Marsh made her last film appearance as a child in 1921 but returned to films nine years later with a role in King of Jazz, in which she sang with Bing Crosby. She subsequently worked in a series of shorts and other feature films before she played W. C. Fields's daughter in You're Telling Me! in 1934.  She continued performing on-screen in small roles for the next decade. In 1936, she sang on the CBS radio program Flying Red Horse Tavern.

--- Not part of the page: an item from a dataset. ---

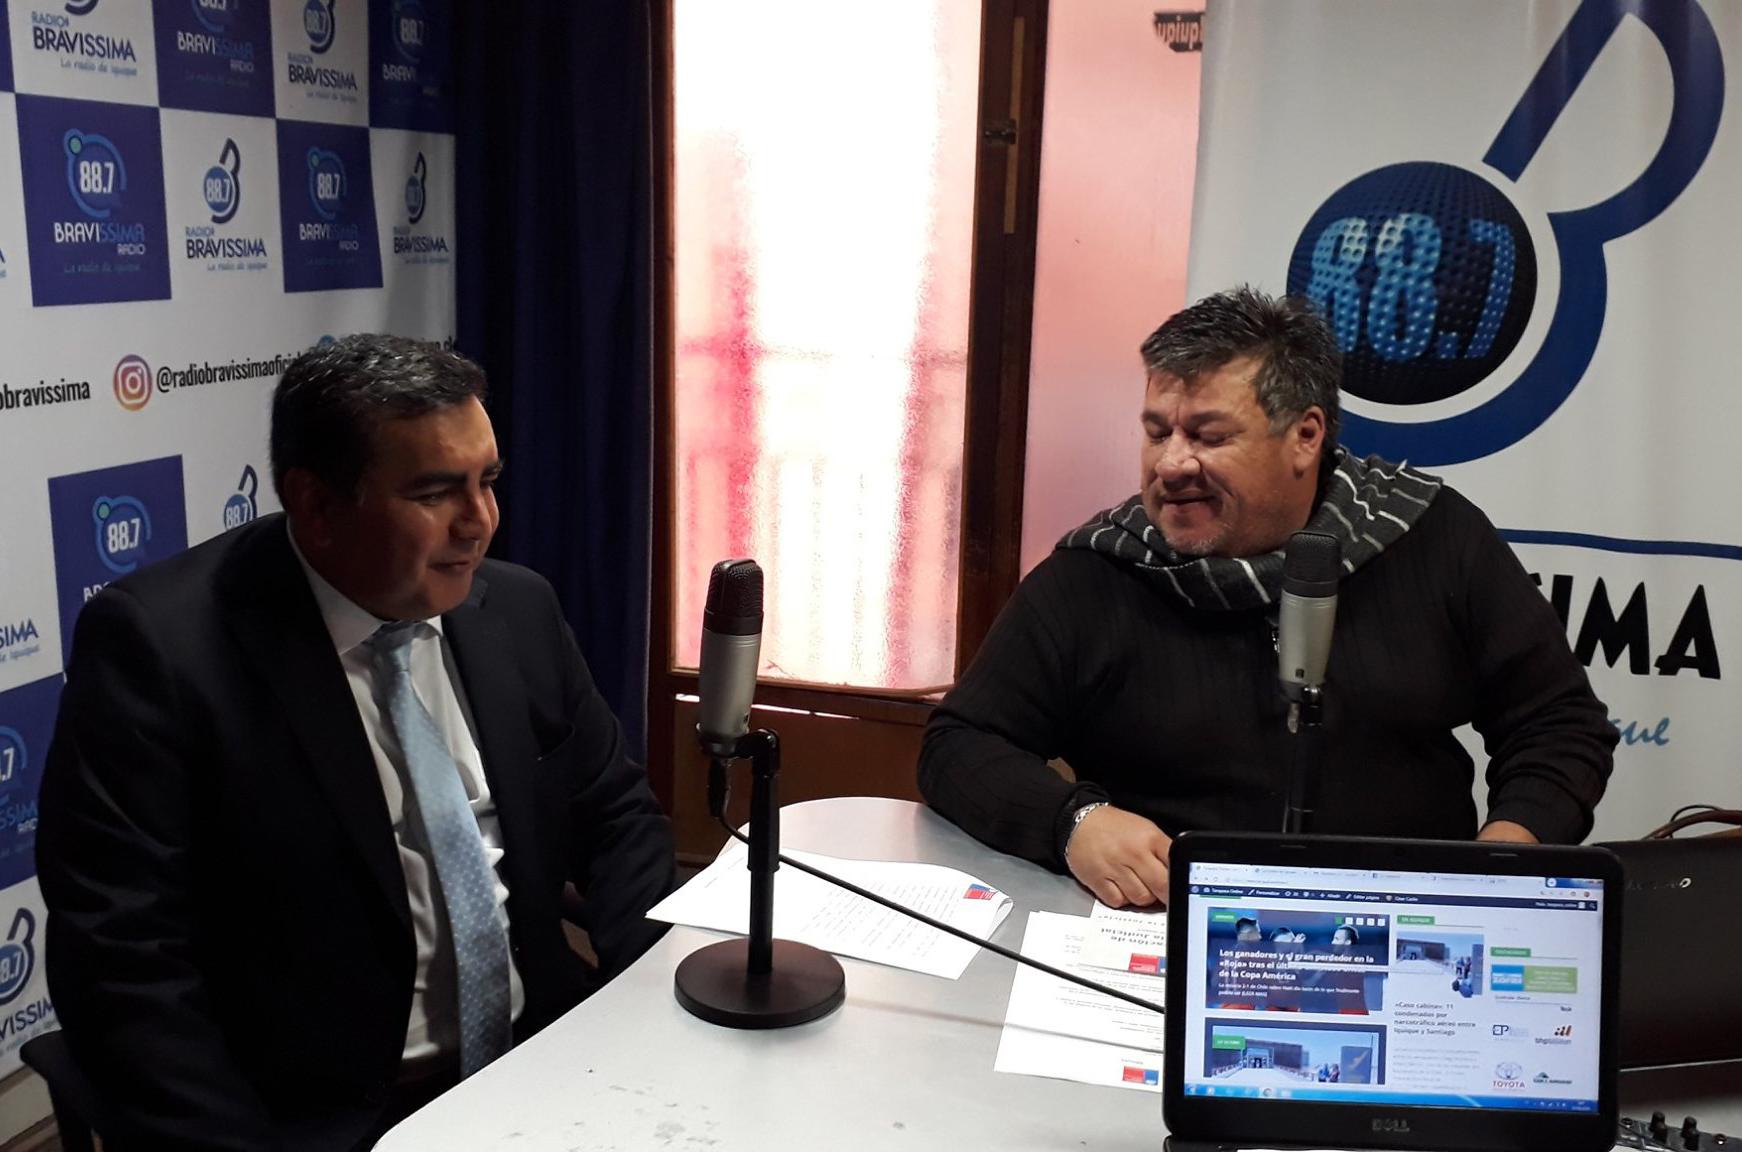 Oficina de Defensa Laboral de Tarapacá llega a Radio Bravissima

In 1931, Marsh was one of 13 actresses named as WAMPAS baby stars.

She made her final film appearance in 1944 in Follow the Leader.

Personal life 
During the filming of Charlie Chan on Broadway, Marsh met writer Charles Belden, who had co-written the film's screenplay. They married on December 2, 1938, in Beverly Hills, California. Their marriage ended in divorce in 1943—first in Los Angeles, California, on August 26, 1943, followed by a second divorce October 23, 1943, "so she won't have to wait a year before remarrying."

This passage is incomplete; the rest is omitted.